1年を振り返って、今年読んだ本、買った本について語るラジオを聞いていた。読書家であるらしいパーソナリティーが、「積ん読」になっている本の数をため息まじりに、少しばかり誇らしげにも聞こえる口調で語っている。

リスナーとしての私は、「積ん読」が誇らしいという感覚を公然と電波に流すのはちょっと変ではないかと直感した。

フードロスを放置できますか?

どういうことかと内省してみたら、こんな答えが浮かんできた。

たとえばBard によると、農林水産省と環境省が共同で推計している2023年度の日本のフードロスは、523万トンに及ぶらしい。

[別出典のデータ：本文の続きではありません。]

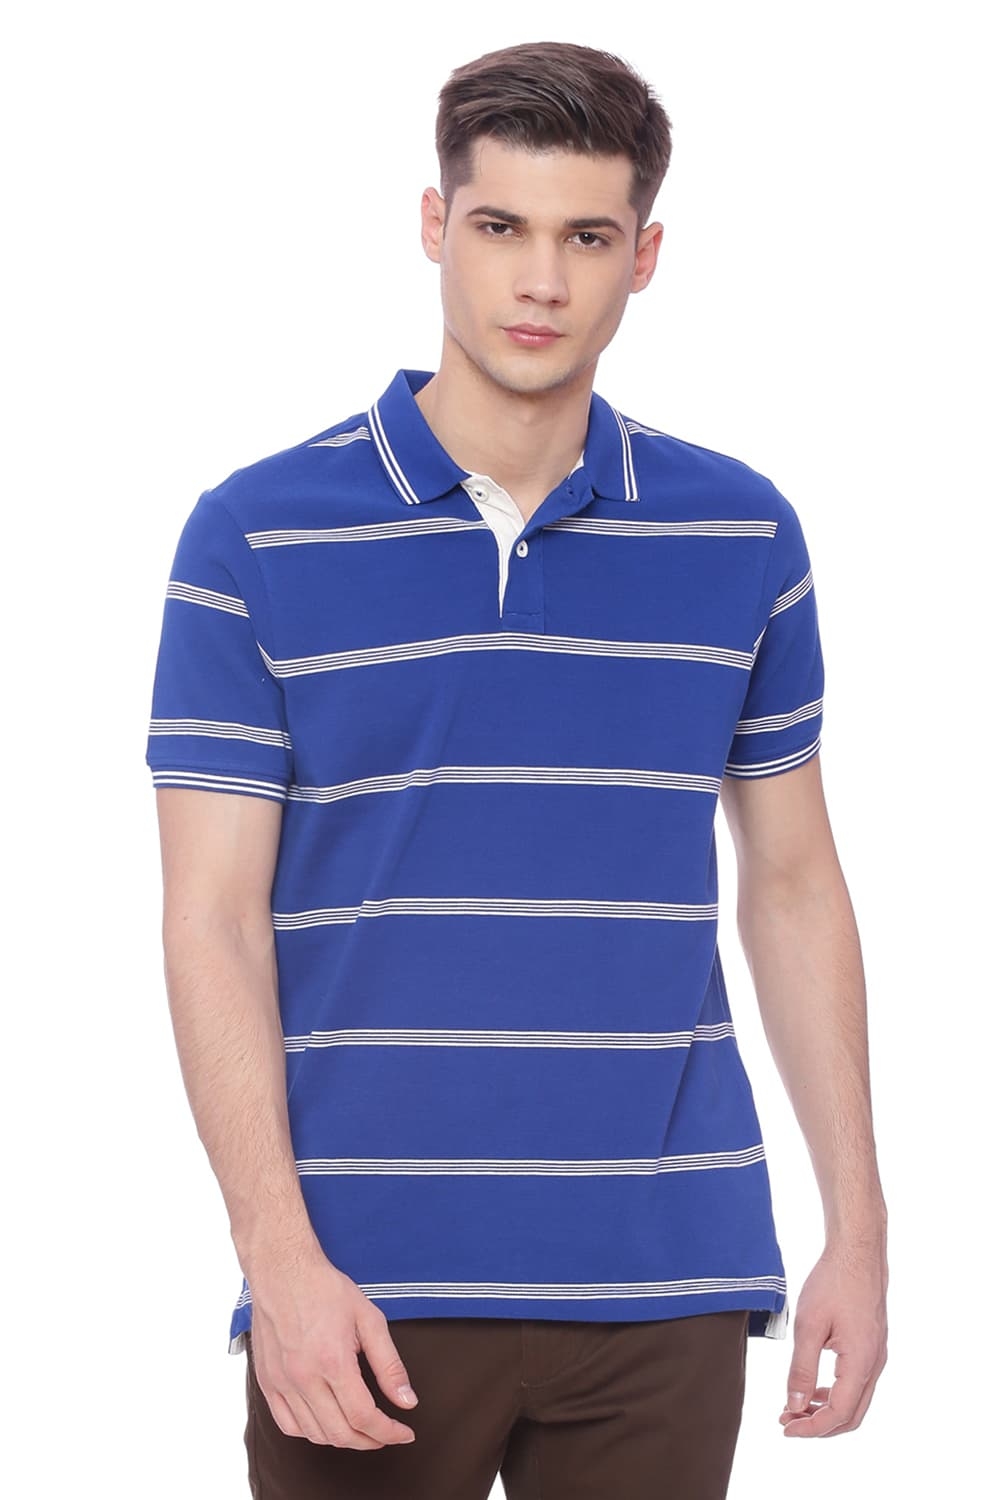 BASICS | Basics Muscle Fit Limoges Blue Striped Polo T Shirt

このうち家庭で発生するフードロスは、およそ244万トンで全体の46.7%を占める。また、食品関連事業者において発生するフードロスは、およそ279万トンで全体の53.3%を占めているらしい。
家庭で発生するフードロスの原因は、食材の買いすぎや食べ残し、賞味期限切れなどが主なものだという。事業系フードロスは、小売店や飲食店での売れ残りや食べ残し、規格外品などの発生などが主なものである

貧困、飢餓、不平等、気候変動、環境汚染など、地球規模の課題を解決し、誰ひとり取り残さない持続可能な世界を実現するための国際的な取り組みであるSDGs のことを考えれば、日本のフードロスはきわめて深刻な問題である。

このことに異論をさしはさむ人は、まずいないだろう。

ブックロスは放置してもいいですか?

よく似た構造が紙の本の流通にも見いだせる。

言わばブックロスである。

出版科学研究所の出版指標によれば、日本国内で年間6億冊ほどの一般書籍が紙媒体で流通していると推計できる。このうち売れ残って返本される本は、およそ35%に達する。おおよそ2億冊あまりが「書店→取次→出版社」という形で出版された時とは逆ルートで返本されるという。
もちろん、倉庫から再度出荷されるものもあるだろう。しかし、返本された本の大半は、断裁されて廃棄処分となることが知られている。出版指標のデータに基づけば、1年間に少なく見積もっても1億冊もの一般書籍が断裁されていることになる。
マンガや新聞や雑誌を入れたら、いったいどれだけの紙とインクが無駄になっているか。印刷機を回すためのランニングコストがかかっているのか。途方もないことである。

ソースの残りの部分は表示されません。